■ WHAT THE TASK REQUIRES ■
All of the data, word for word and free of pictures, is the expected result.

■ COLLECTED DATA ■

== Segment start ==

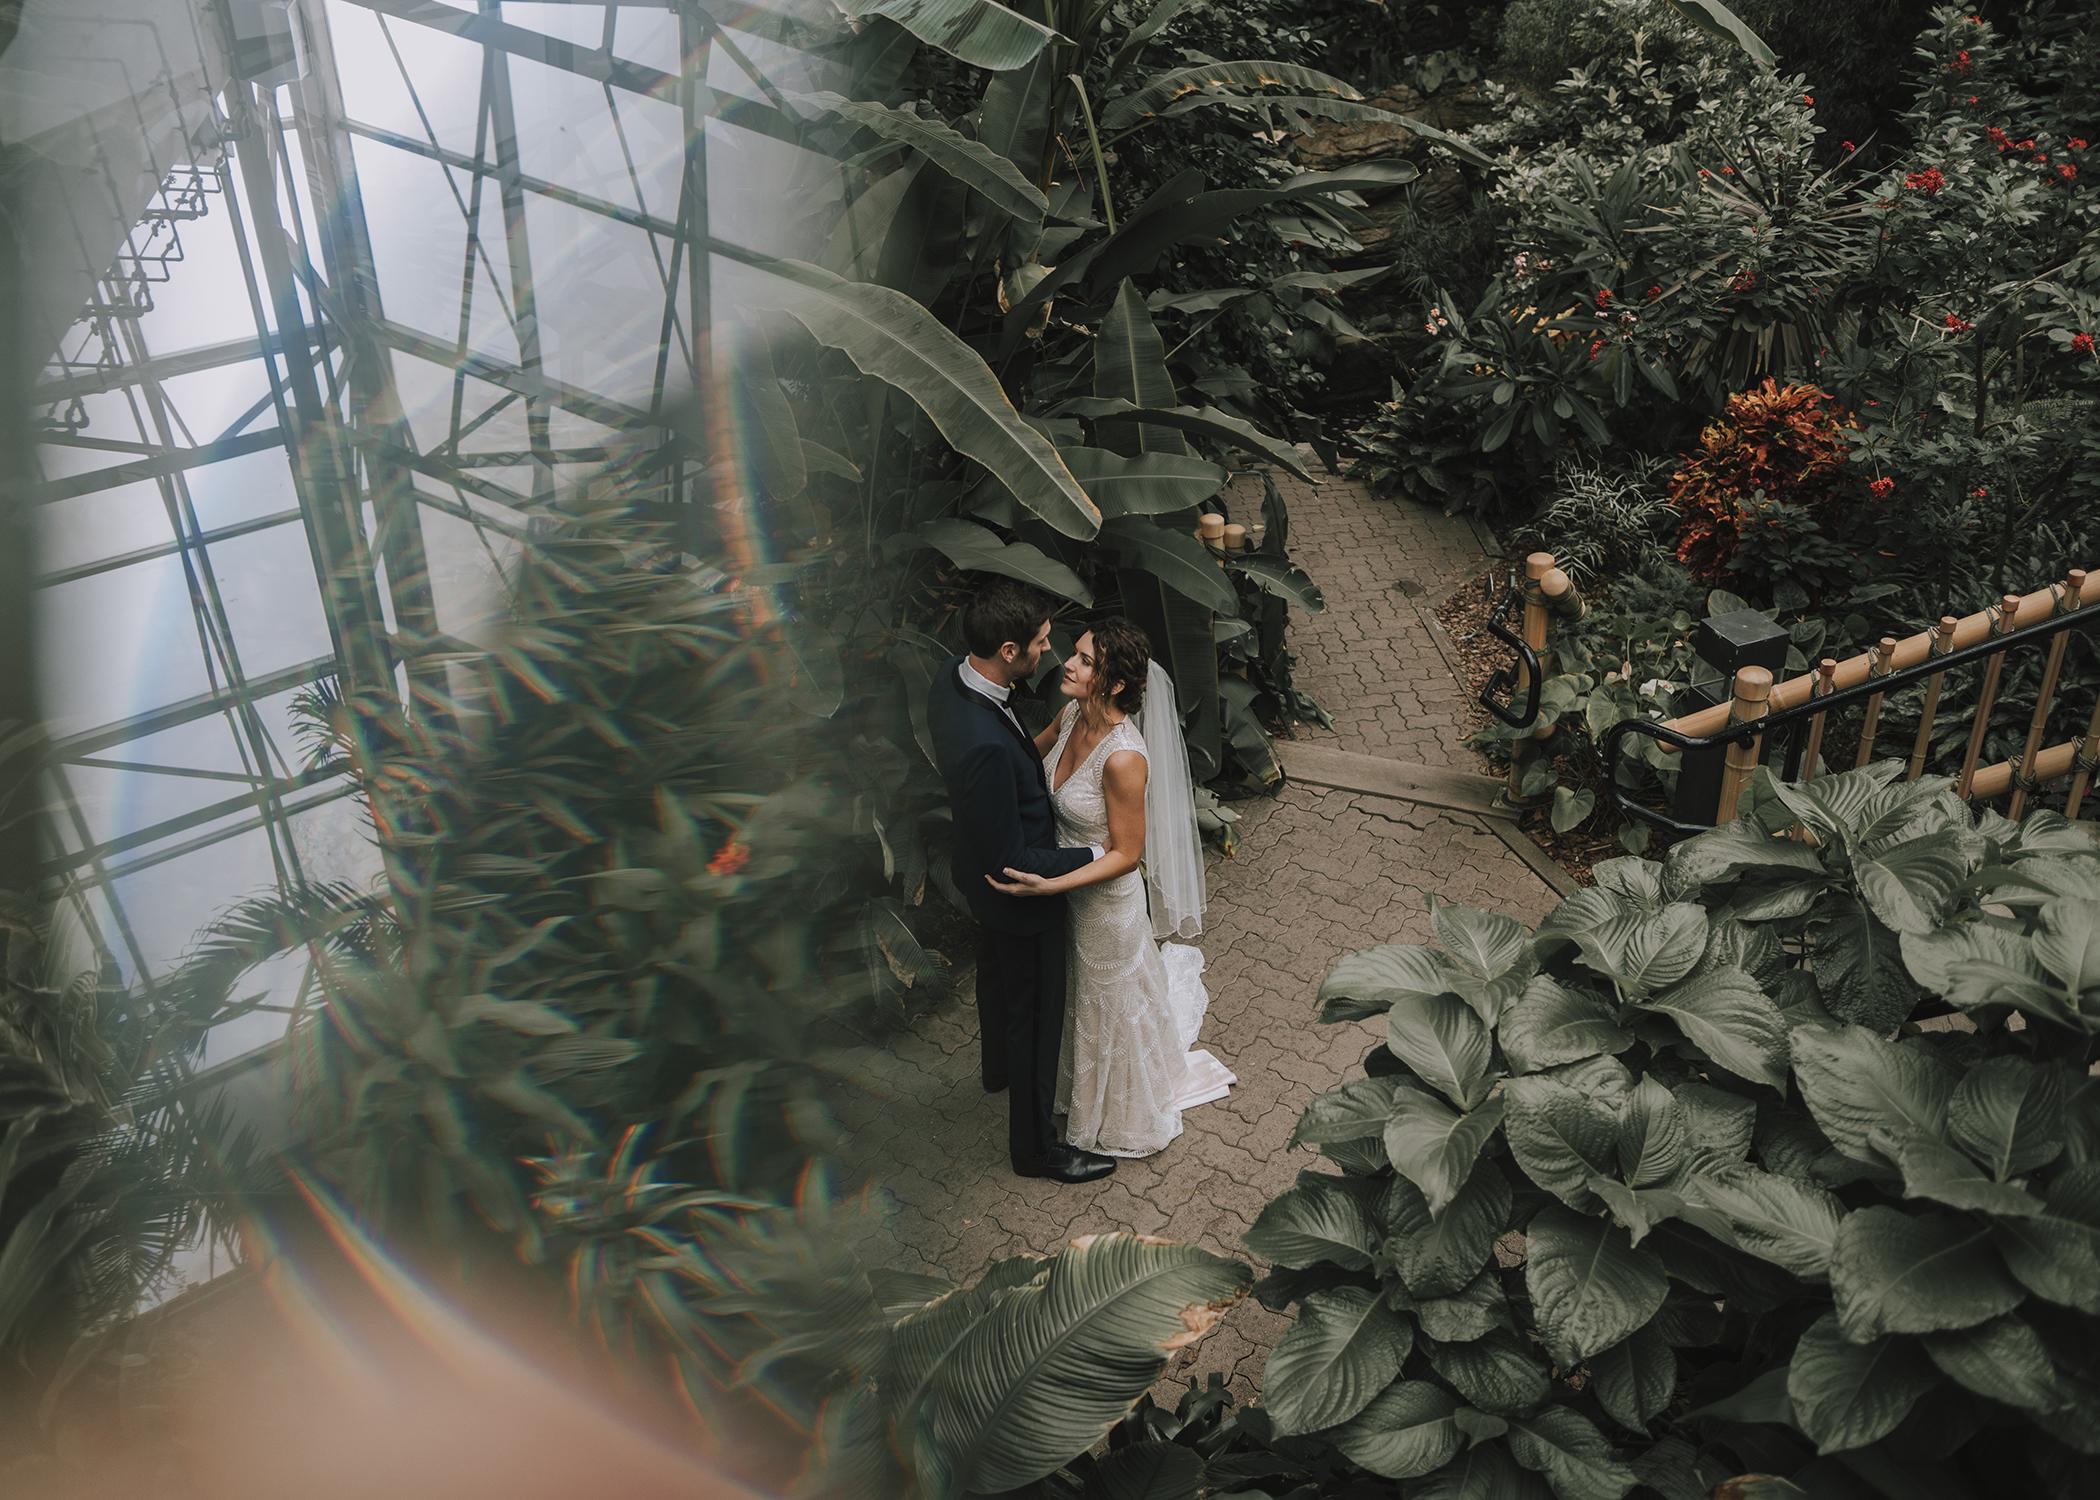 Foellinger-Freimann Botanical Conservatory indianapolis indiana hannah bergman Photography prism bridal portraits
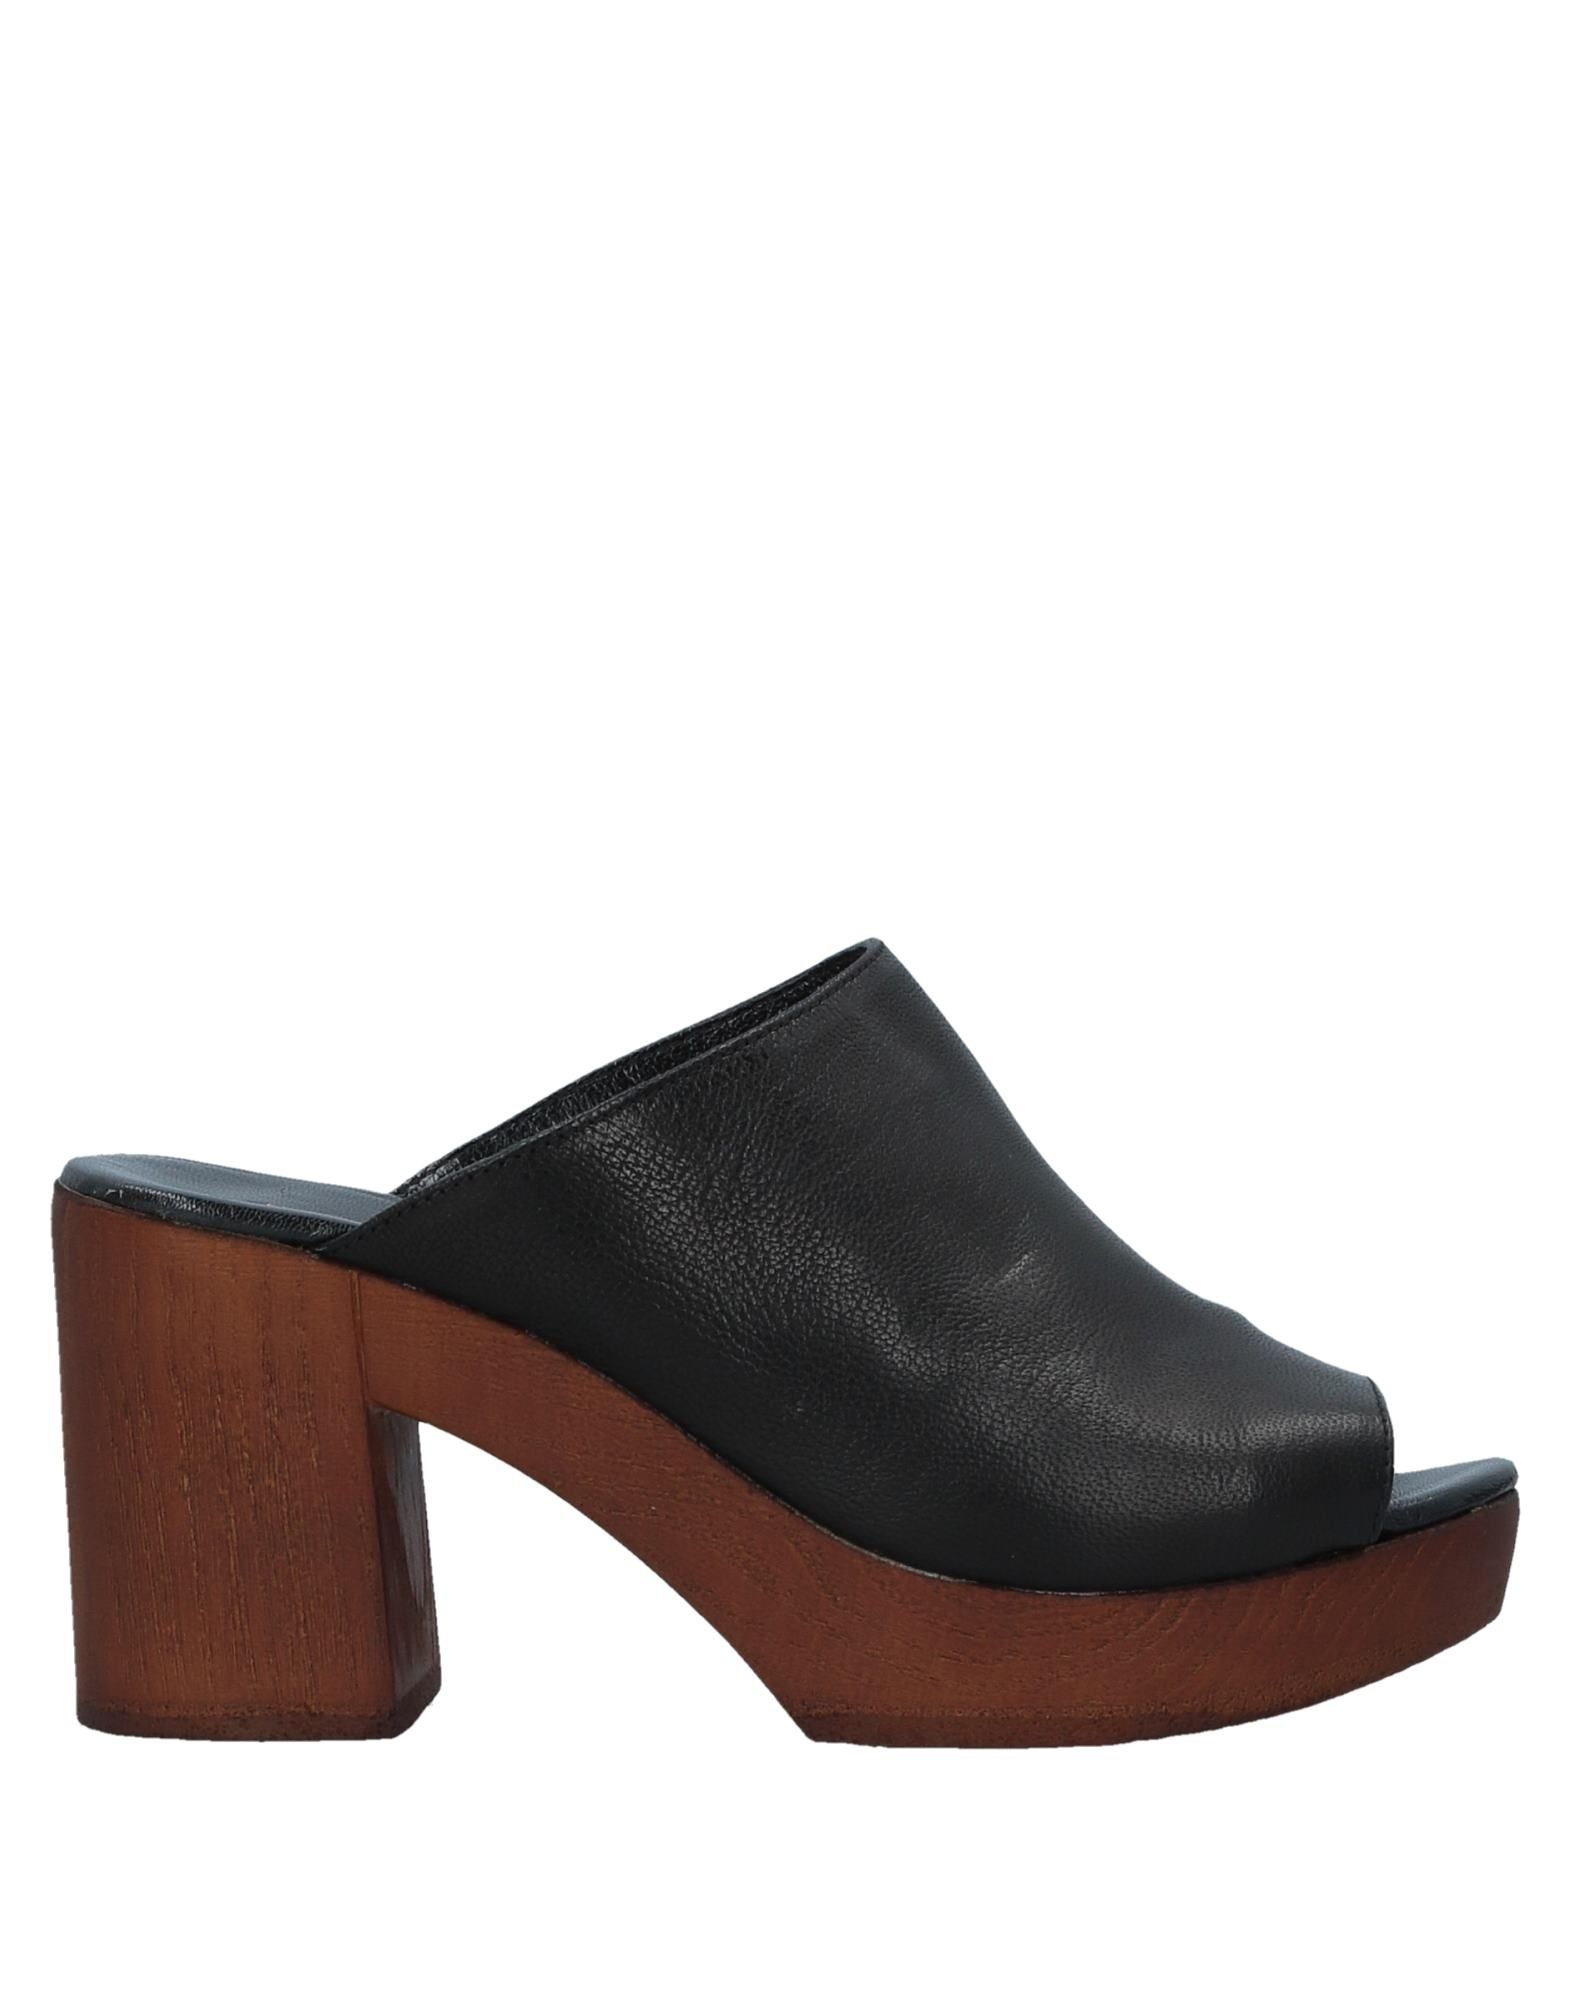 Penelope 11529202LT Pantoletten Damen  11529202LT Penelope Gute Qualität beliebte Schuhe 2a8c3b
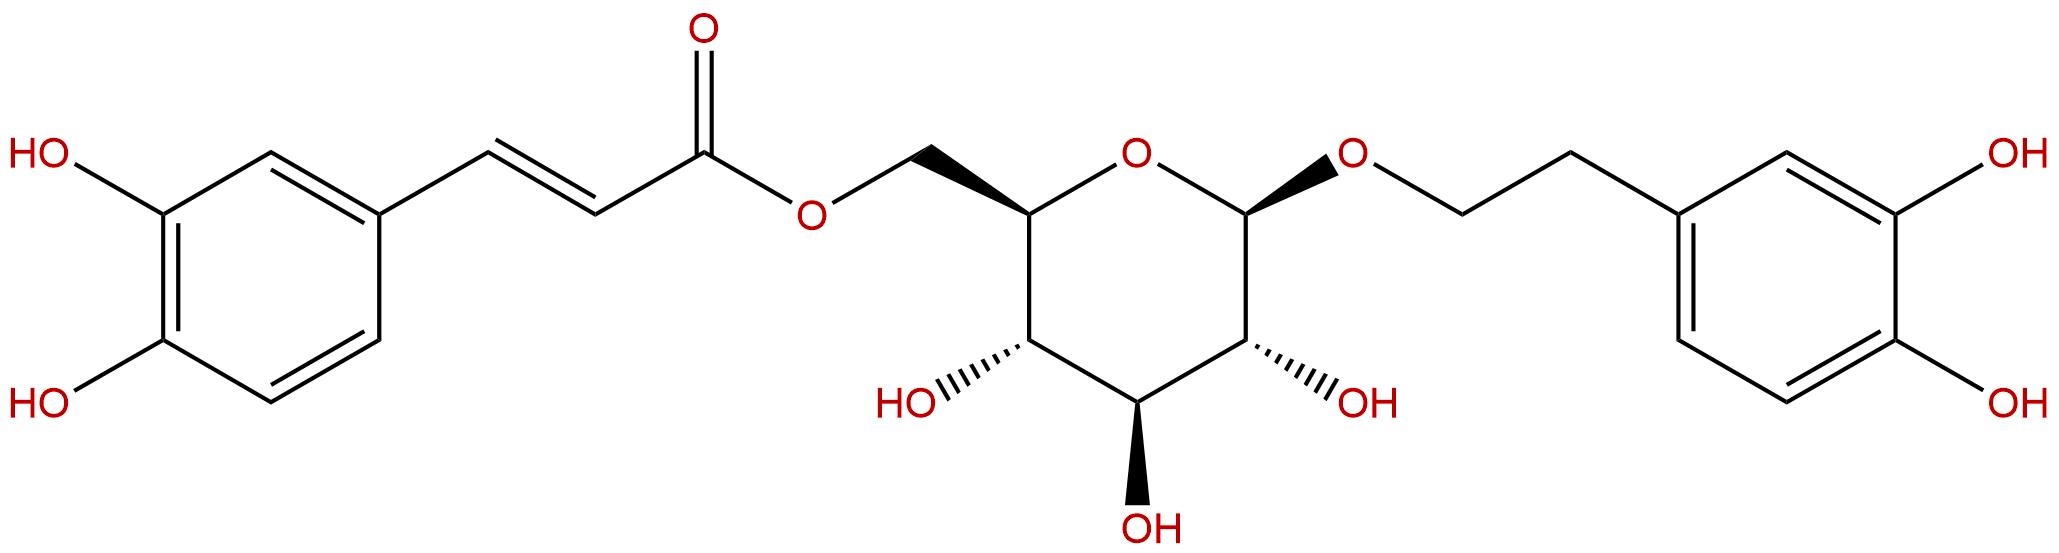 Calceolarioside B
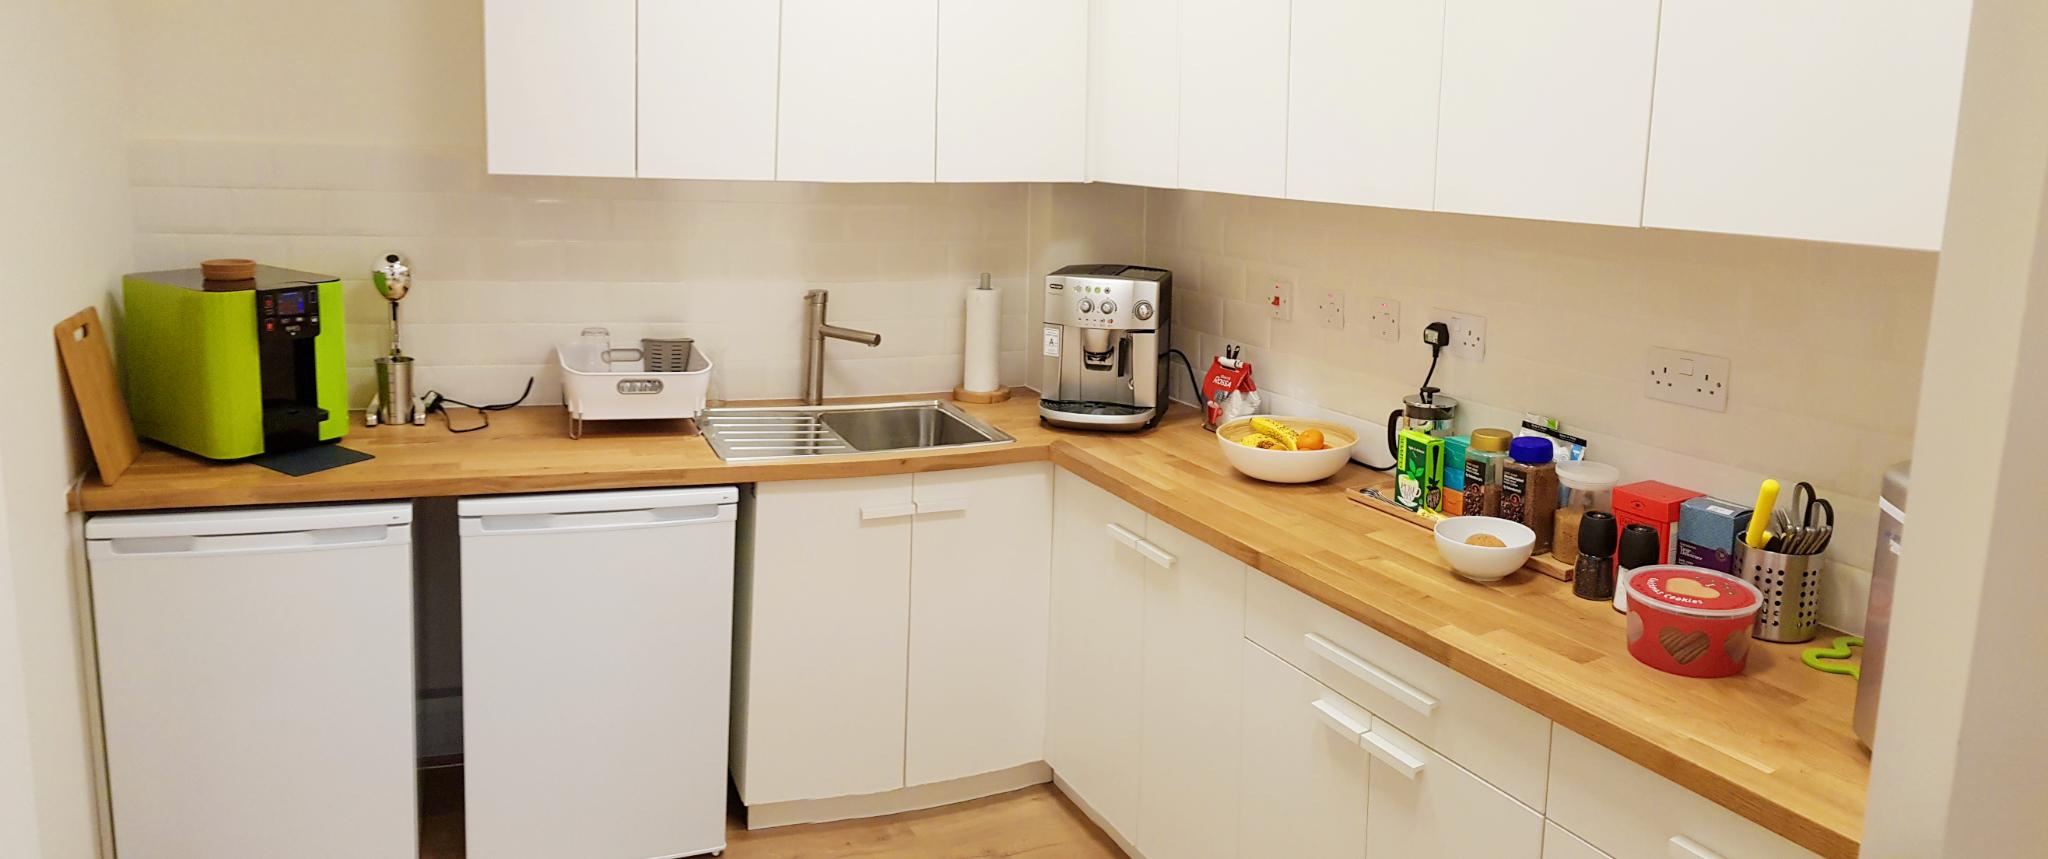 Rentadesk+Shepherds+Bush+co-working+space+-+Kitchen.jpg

== Segment end ==

■ OUTPUT OF THE EXERCISE ■
 Foellinger-Freimann Botanical Conservatory indianapolis indiana hannah bergman Photography prism bridal portraits
 Penelope 11529202LT Pantoletten Damen  11529202LT Penelope Gute Qualität beliebte Schuhe 2a8c3b
 Calceolarioside B
 Rentadesk+Shepherds+Bush+co-working+space+-+Kitchen.jpg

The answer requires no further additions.